And we must not only be prepared to wait for success, but we must sometimes be prepared positively to fail. Failures are not agreeable, but they are often useful. At Cambridge the college authorities are very loath to give a man a scholarship in his first year. They think it makes him lazy; and so they always withhold it except in cases of extraordinary merit. I did not show that extraordinary merit, and I did not get the scholarship. I am very glad. My work was far better the second year than it would have been if I had succeeded the first. A failure is a most excellent tonic for any one who believes in the ultimate power of work.

And there is one thing more that should be said upon the subject, though it only applies to the few rare individuals who are greatly in advance of their age. These men must be content not only with temporary but even with permanent failure, so far

as the verdict of their contemporaries is concerned. And as a rule such men do not mind. Much as they would like to be understood and appreciated by their own age, they are buoyed up by the thought that an authoritative judgment can be passed by posterity alone. When Kepler had finished his great work, he did not expect that it would be received with enthusiasm; he was quite prepared to find it ignored. He said in the ever-memorable words-and there is no finer instance of the power of faith-"I may well wait a hundred years for a reader, since God has waited six thousand years for a discoverer."

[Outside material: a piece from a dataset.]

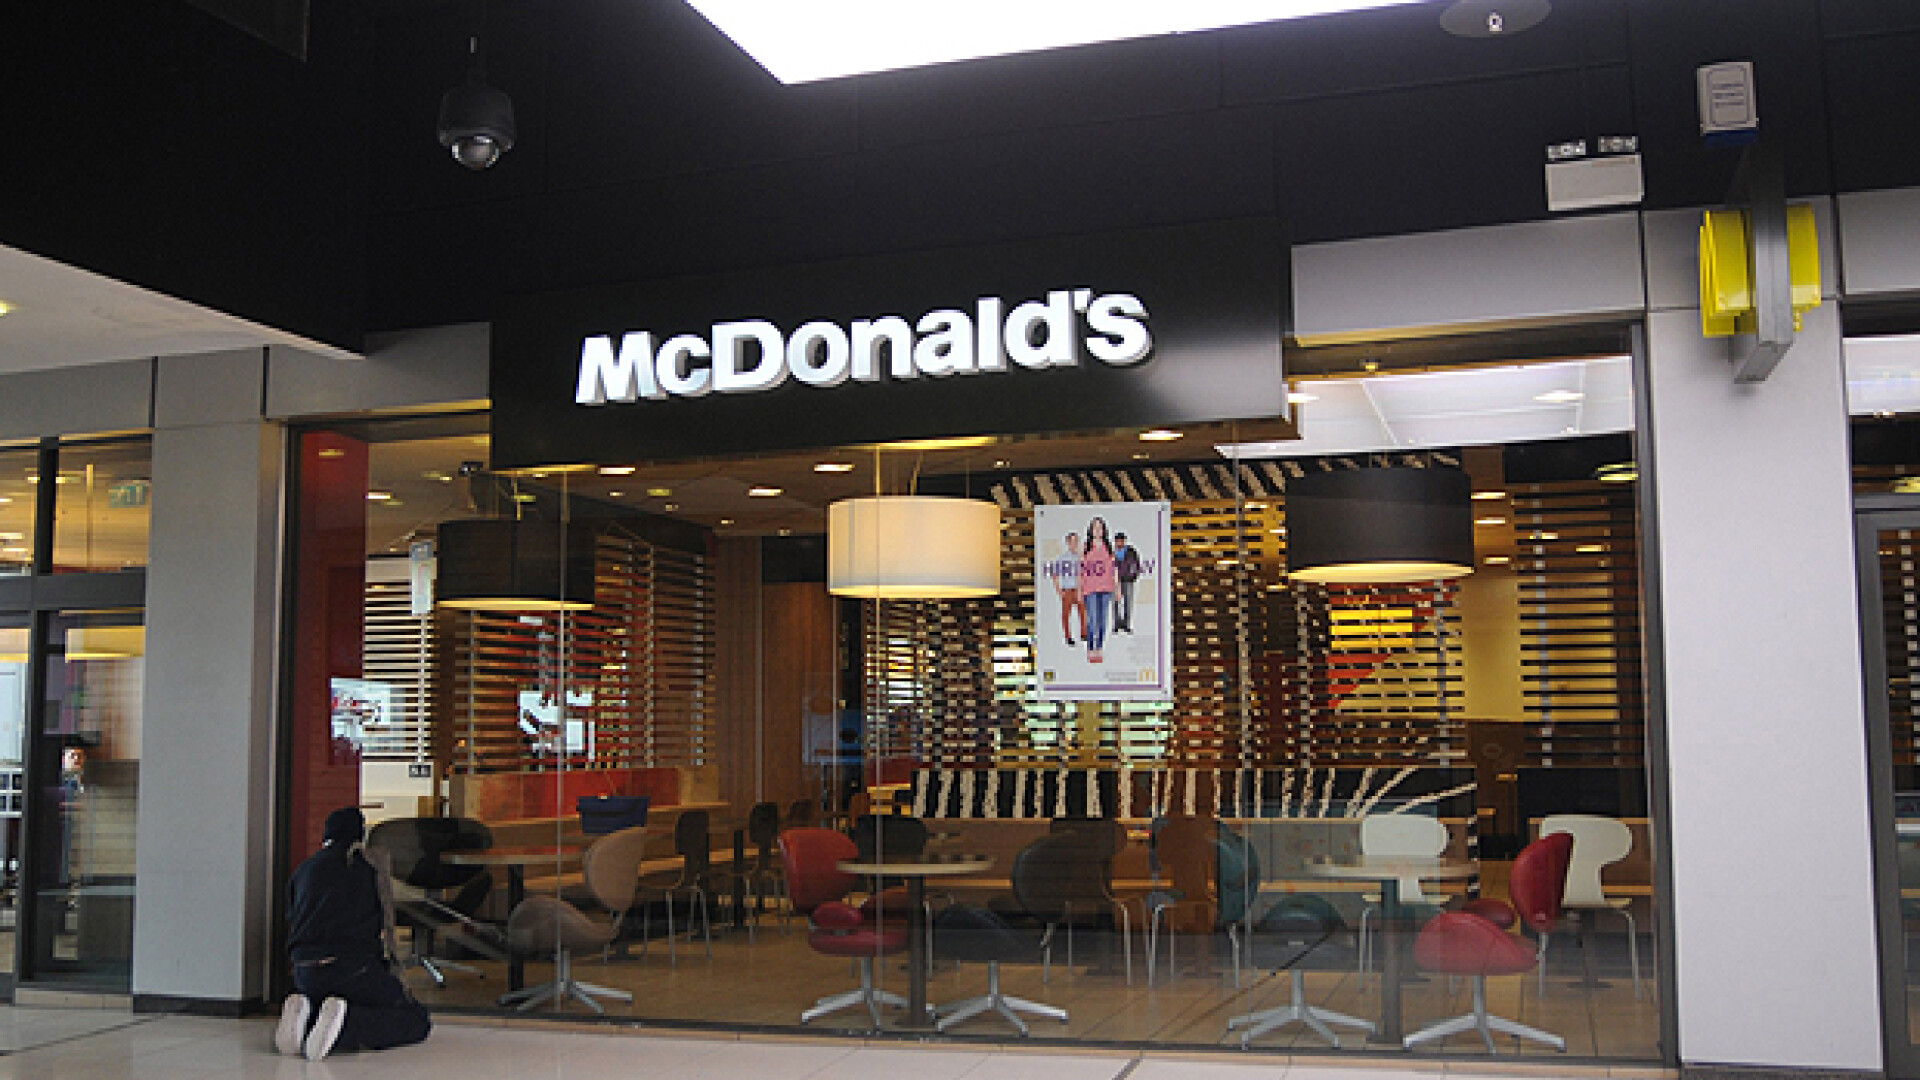 MacDonald's

Was die Schickung schickt, ertrage;

Wer ausharret wird gekrönt.

So much for patience in regard to work. Now let me say a word about patience in trouble, suffering, affliction, or whatever we may please to call it, for which we can see no reason, which appears irremediable, and which does not seem at all likely to lead to anything either for ourselves or others in this world or the next.

And here it is far harder to practise patience. Patient continuance in welldoing, when we have something to which we can look forward at the end, hard as it is, is comparatively easy. But how can you expect a man to be patient under what seems useless, needless, wasted

suffering? How can you expect a man to be patient under bereavement, when he has lost one who can never be replaced? How can you expect a man to be patient when, on looking back over his past life, he sees that it has all been a failure? Faith in himself is of no use. He feels, he knows that he is helpless. Faith in the power of work is here equally impossible; work can now do nothing for him, except perhaps momentarily to drown his grief. Under such circumstances patience is absolutely impossible, apart from faith in God and immortality. And this faith is what so few of us really have. Though we constantly say we " believe in the resurrection of the dead and the life of the world to come," we chafe and fret when our wishes are thwarted as if there were no life but the present, as if the grave were the end of all things for us. When trouble comes upon us, we are as impatient as if we had never heard of God. We are always ready to preach patience; why cannot we practise what we preach? We can exercise faith for other men; shall we never exercise it for ourselves? Is it likely that in a well-ordered universe -and we profess to believe that the universe is well ordered-is is likely that our welfare alone has been overlooked? If it were our destiny to fight impotently against surrounding forces, which were bound

in the end to destroy us, then there would be an excuse for our impatience. But if there be a God, a loving God, a God who is making all things to work together for good, then our fretful impatience is puerile and contemptible. Have we not the glorious hope of everlasting life?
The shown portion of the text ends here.